** Opening AVAILABLE DATA block **

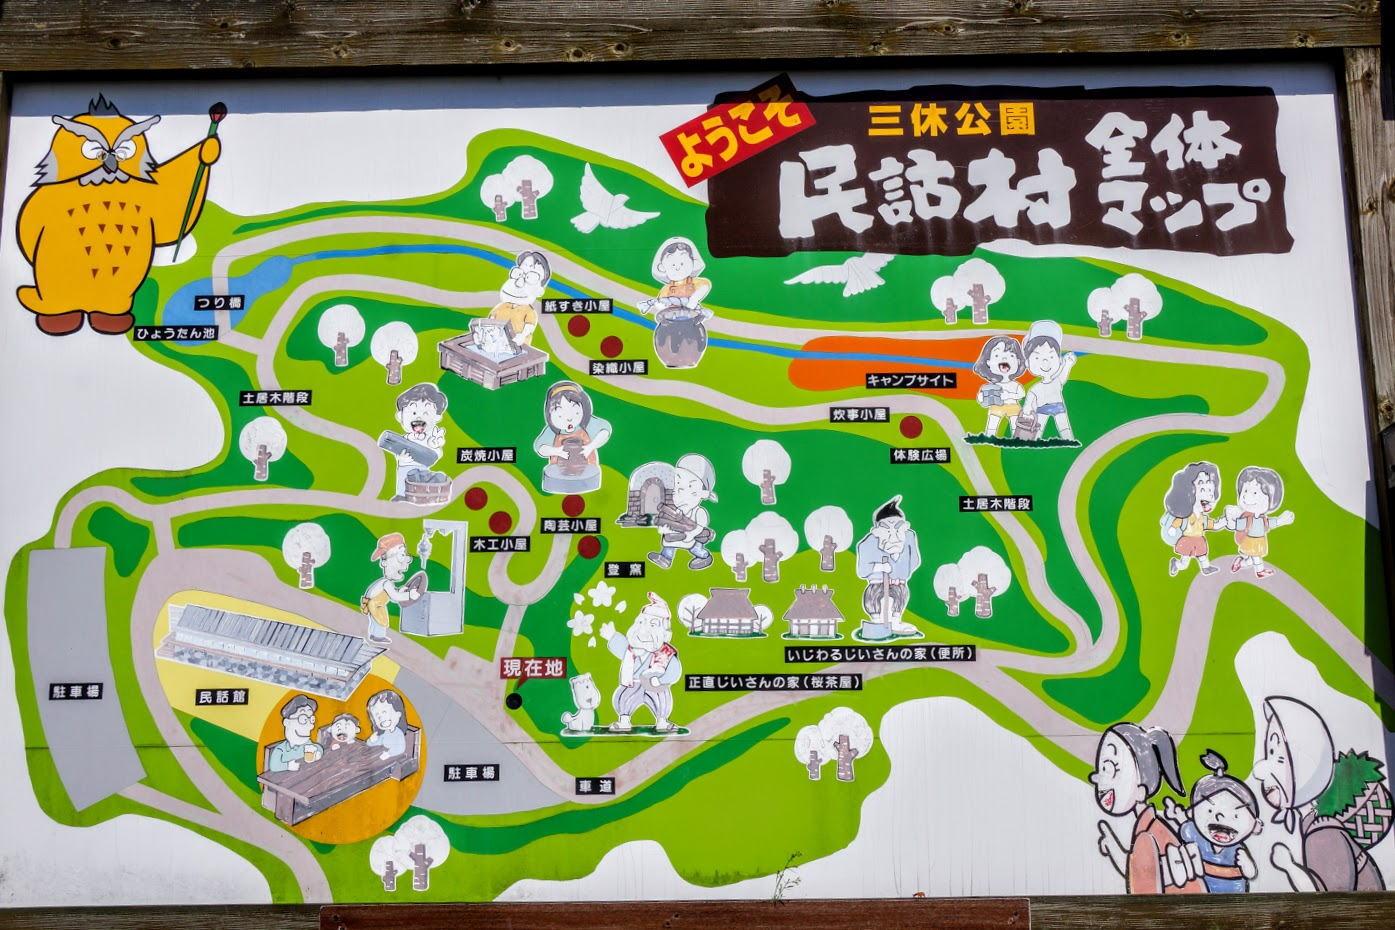 民話村案内図ー三休公園ー
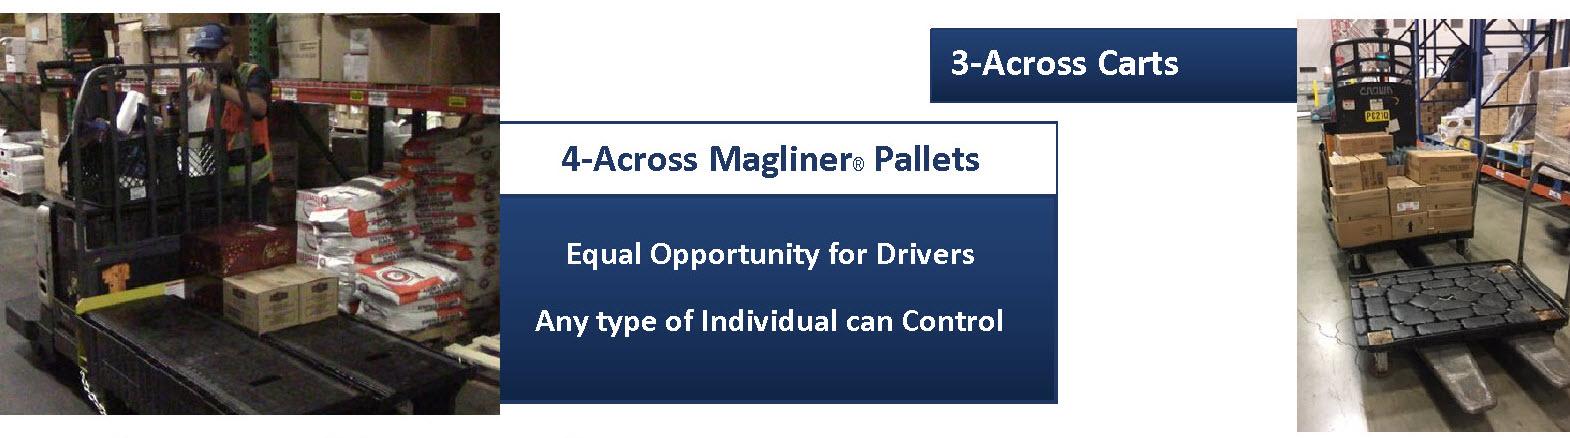 Magliner Pallets
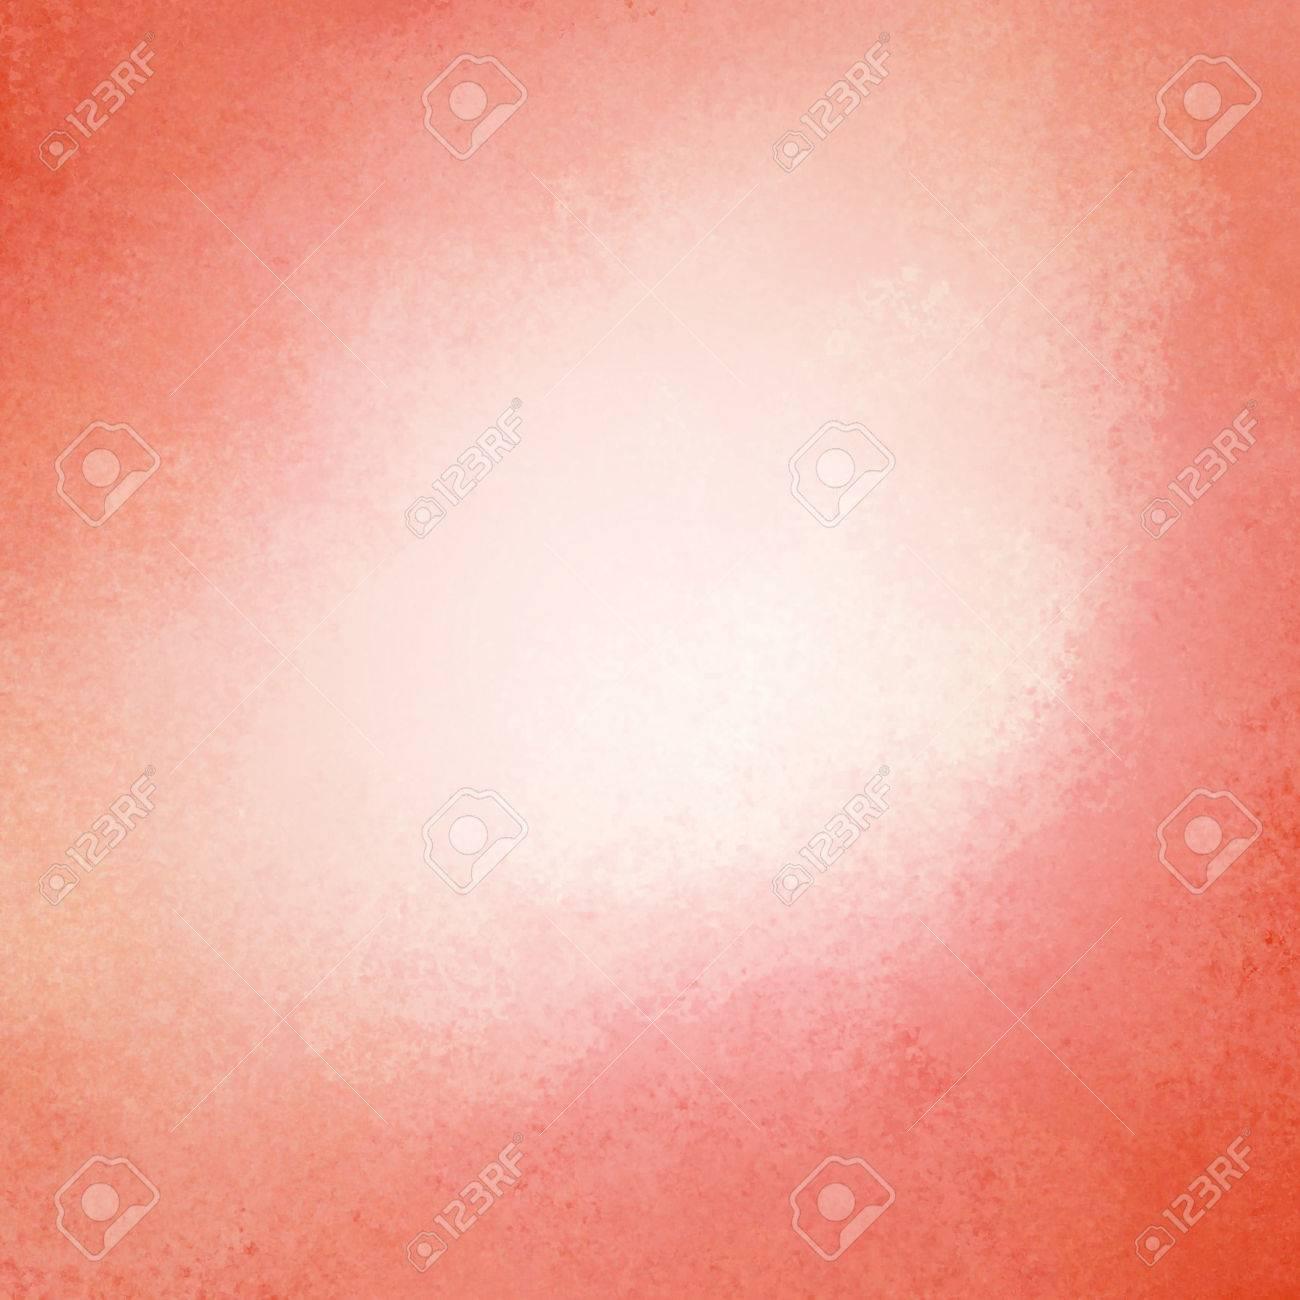 Immagini Stock Ingiallito Sfondo Rosa Arancione Colore Depoca E
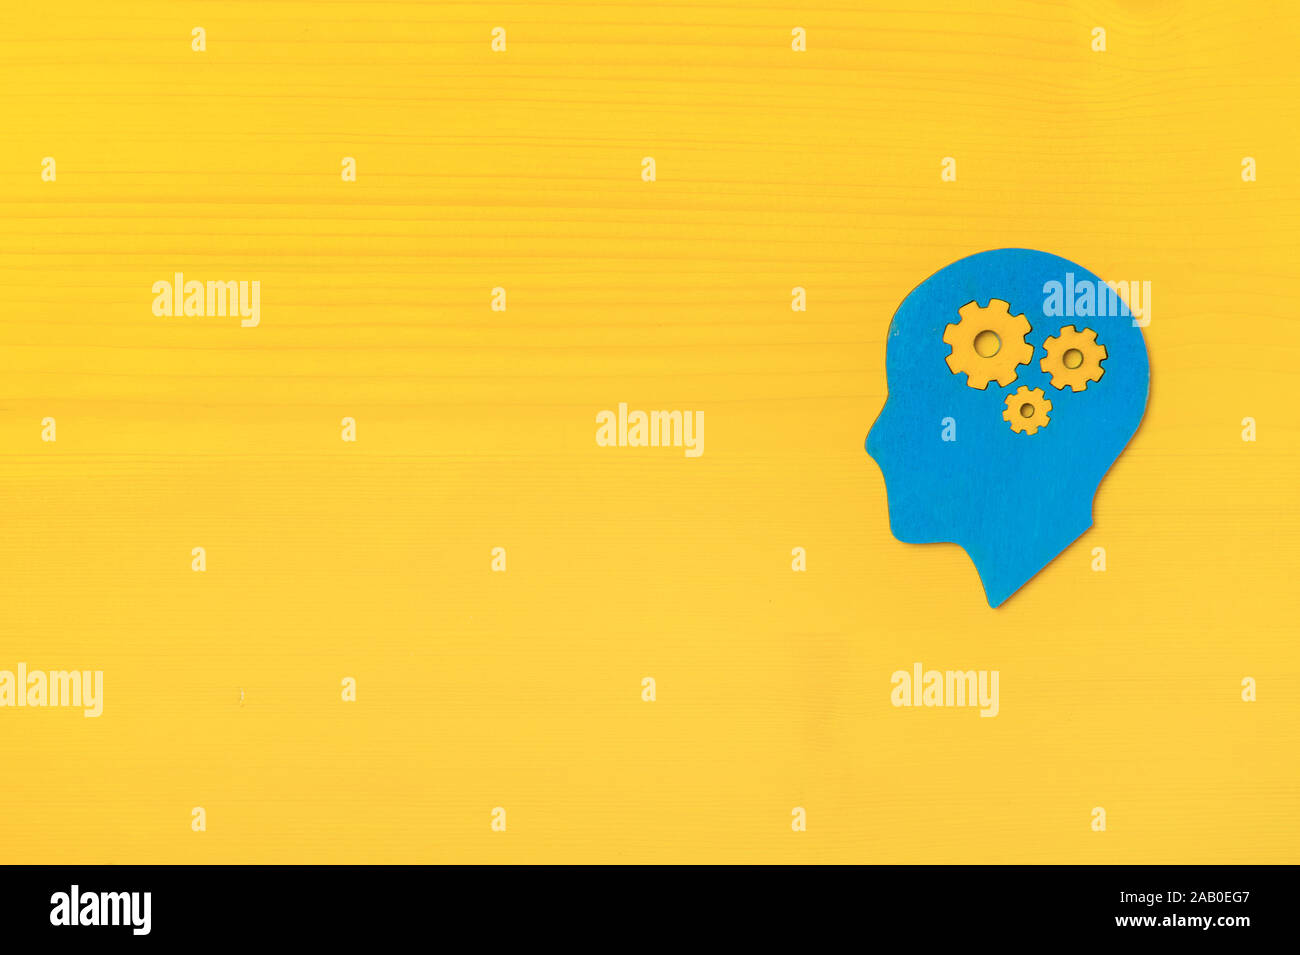 Cerebro trabaja de concepto. Las ideas, la creatividad concepto de la cabeza humana con engranajes sobre fondo amarillo Foto de stock

** Closing AVAILABLE DATA block **

TASK DESCRIPTION | The required output is the listing above reproduced exactly, pictures removed.

SOLUTION TO THIS PROBLEM |
 民話村案内図ー三休公園ー
 Magliner Pallets
 Immagini Stock Ingiallito Sfondo Rosa Arancione Colore Depoca E
 Cerebro trabaja de concepto. Las ideas, la creatividad concepto de la cabeza humana con engranajes sobre fondo amarillo Foto de stock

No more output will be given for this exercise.